After a long day of class, film sessions and practice, Michigan State’s sophomore forward went with his fiancée, Tamia Todd, to Qdoba. The couple, now in their third year of dating, had to take advantage of the annual buy one, get one special for sharing a V-Day kiss at the register.

“It’s kind of a tradition,” Todd said, smiling.

Most days, Tillman usually awakens and crashes much earlier than his teammates, and last Thursday was no different. Seldom is there time for video games or partying when the 6-foot-8-inch Tillman must balance the memorization of scouting reports and game plans, practice, games and academics among the other rigors of being a Division I student-athlete. He maintains a 3.6 GPA, while majoring in journalism.

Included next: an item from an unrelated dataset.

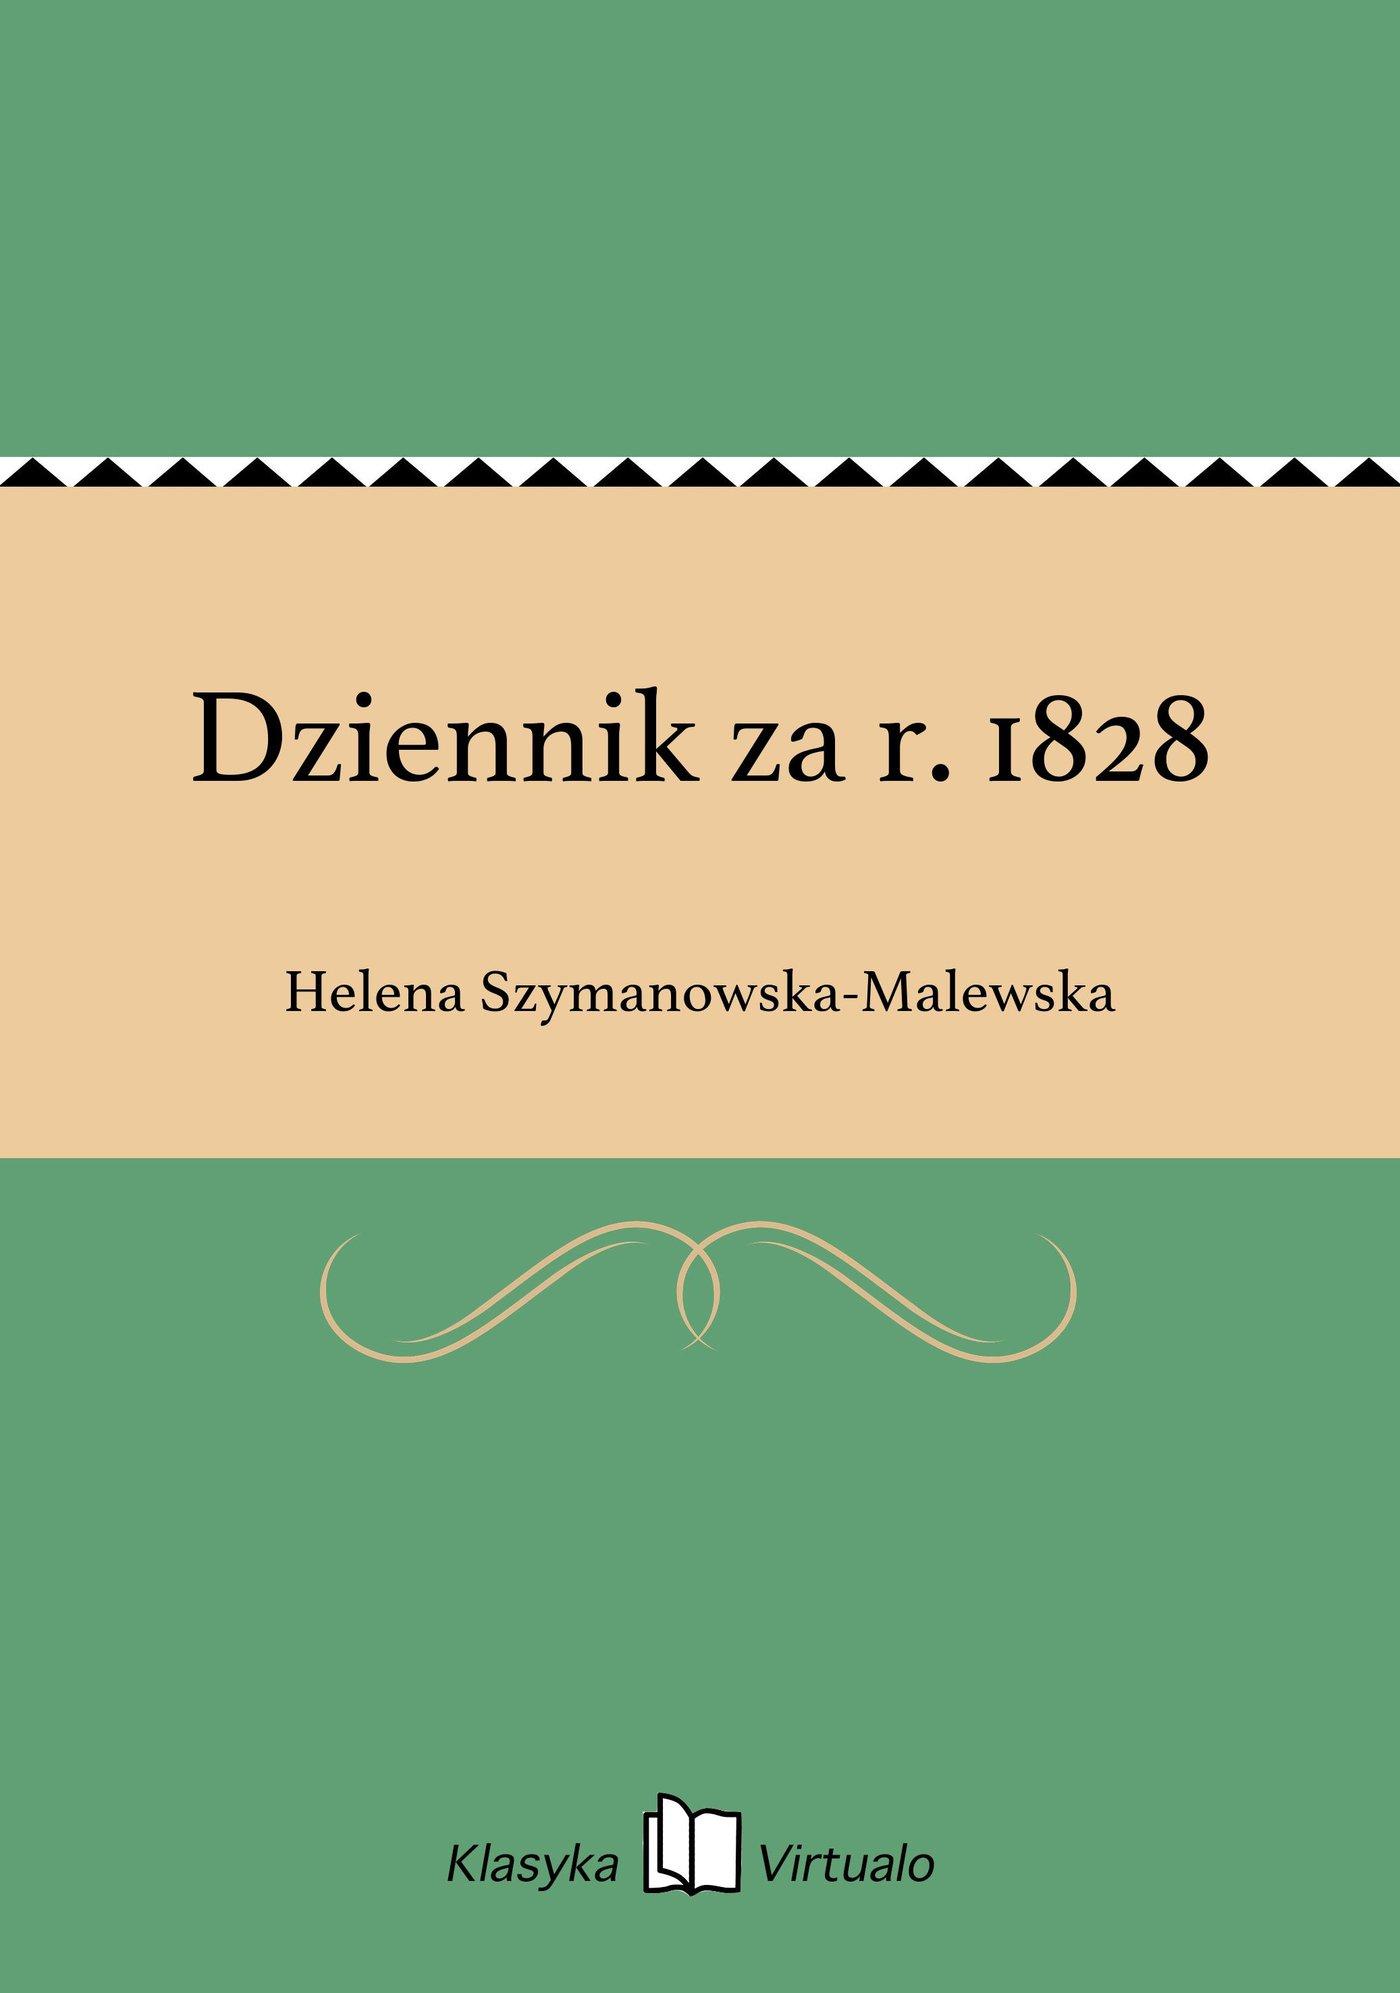 Dziennik za r. 1828 - Ebook (Książka EPUB) do pobrania w formacie EPUB

But most importantly, Tillman says he and Todd balance the full-time responsibilities of parenthood — raising their 2-year-old daughter Ayanna “Yanni” Tillman.

Only a few constants are clear in a sea of variables for the Tillman family. A wedding planned for this May is among them. Todd, 22, said she intends to transfer to MSU in the fall to pursue an elementary teaching career after completing her associate’s degree. Tillman, 20, is aiming to play in the NBA.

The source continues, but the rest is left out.